The new legislation also reinserts use tax language which was removed when the original budget implementation bill passed in June. According to IRMA, the language is needed to protect state revenue in the event of an “adverse court decision” regarding the retail tax.

Per IRMA estimates, the added compliance resulting from the legislative fixes could result in more than $460 million in combined state and local revenue in fiscal year 2021, which begins July 1, 2020, and ends June 30, 2021. That sum breaks down to $200 million from remote retailer provisions for state government and $40 million resulting from locally-imposed taxes, and $180 million from state marketplace sales with $45 million generated for locally-imposed taxes.

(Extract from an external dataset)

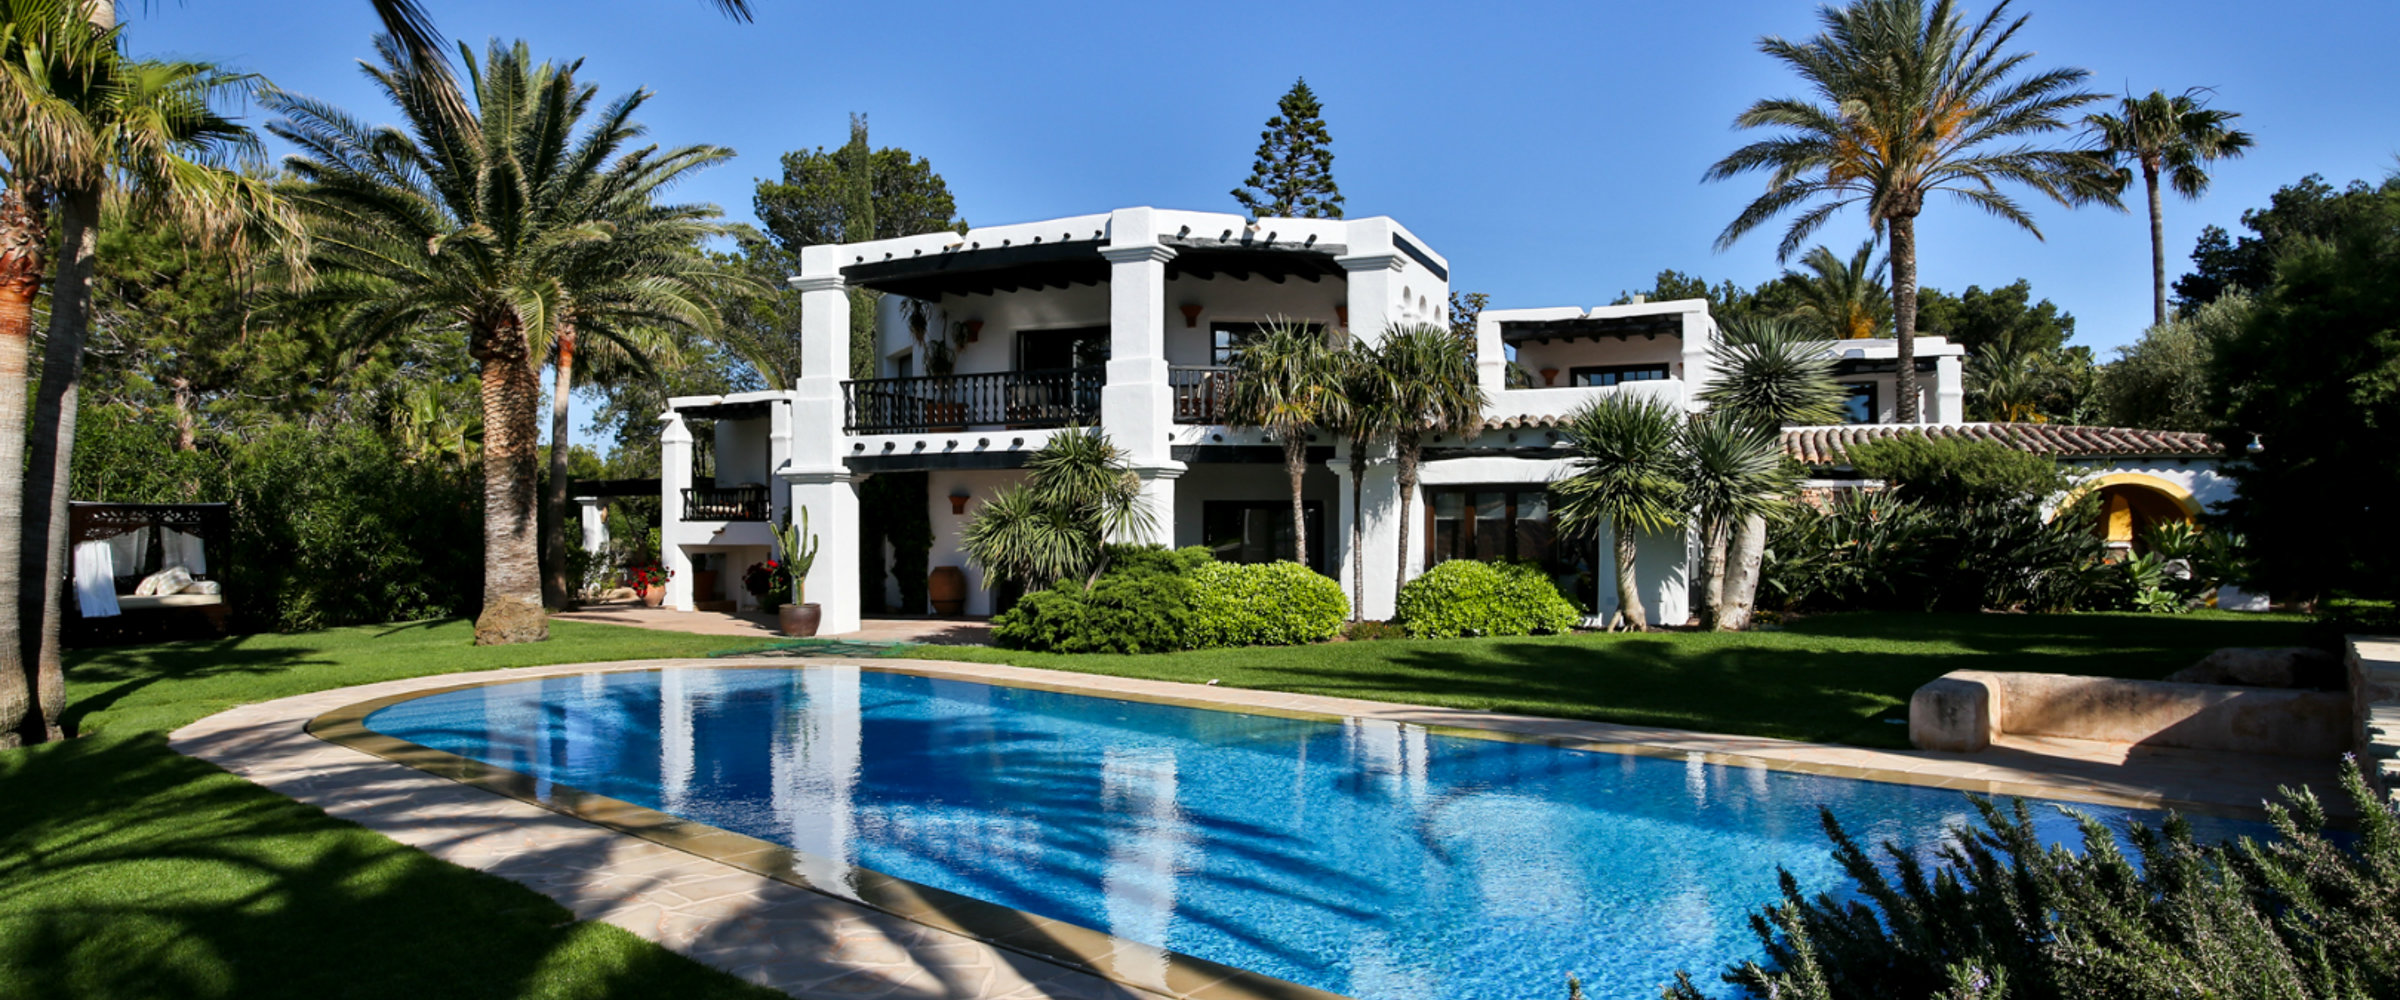 Villa Brias Ibiza Porroig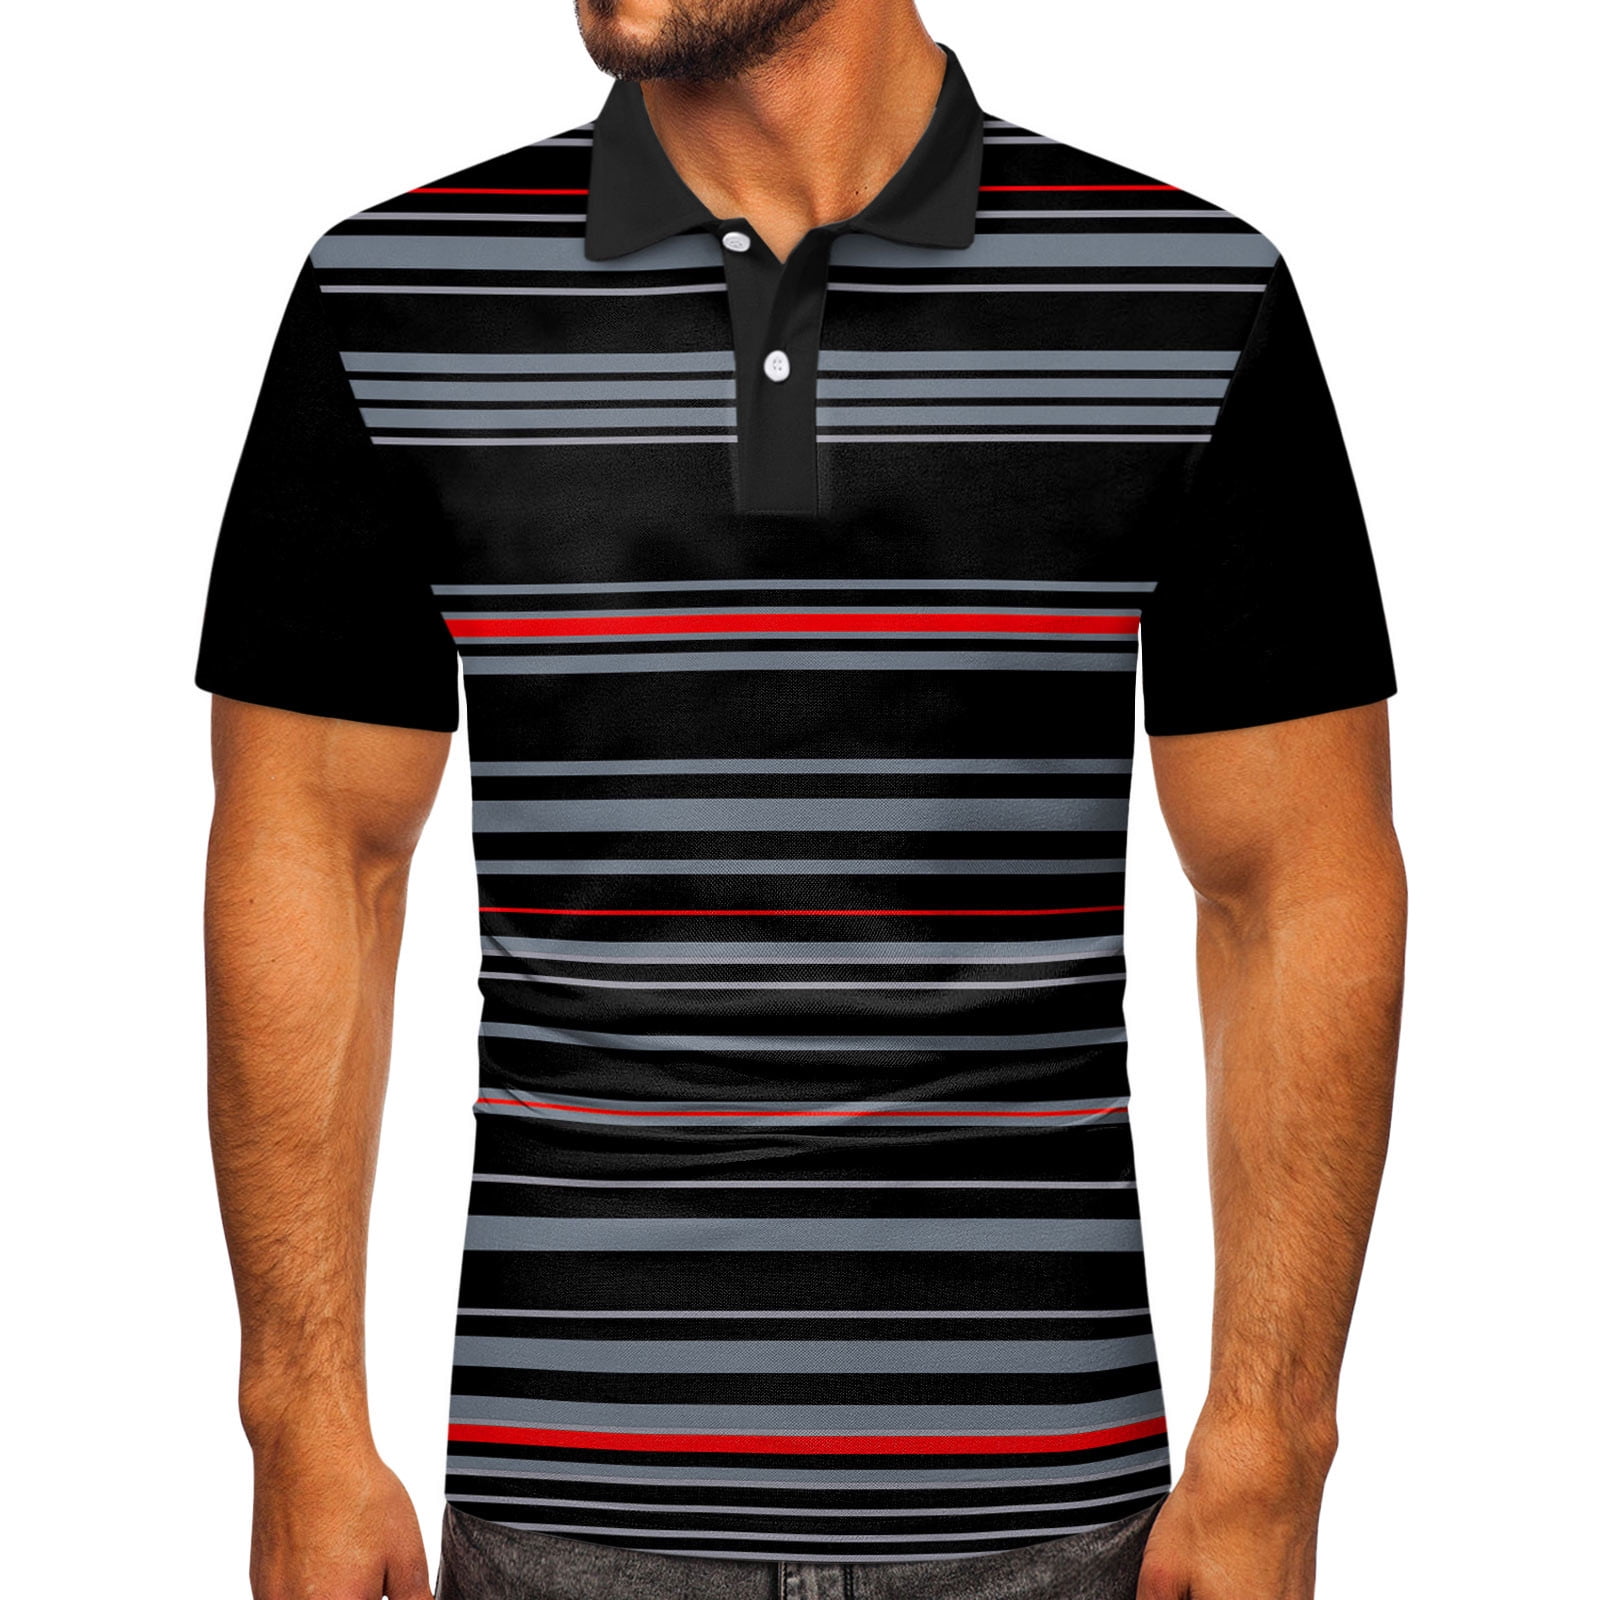 Gubotare Ralph Lauren Polo Shirts For Men Funny Golf Shirts for Men, Golf for Men, Crazy Golf Shirts for Men,Gray XXL Walmart.com

The measure was passed as part of Senate Bill 119, a broad-ranging follow-up to the budget implementation bill passed in June. It had bipartisan support in both chambers and has been sent to Gov. J.B. Pritzker.

Tags: GovernmentsortTaxes
Jerry Nowicki

Jerry Nowicki

Jerry began his career in news in 2013 and has covered state government since 2019. He was the editor of the LeRoy Farmer City Press in McLean and DeWitt counties from 2013 until it closed in 2017. During that span, the Press was named the state’s best small weekly newspaper by the Illinois Press Association. He was born and raised in south suburban Evergreen Park and graduated from Illinois State University with a degree in journalism.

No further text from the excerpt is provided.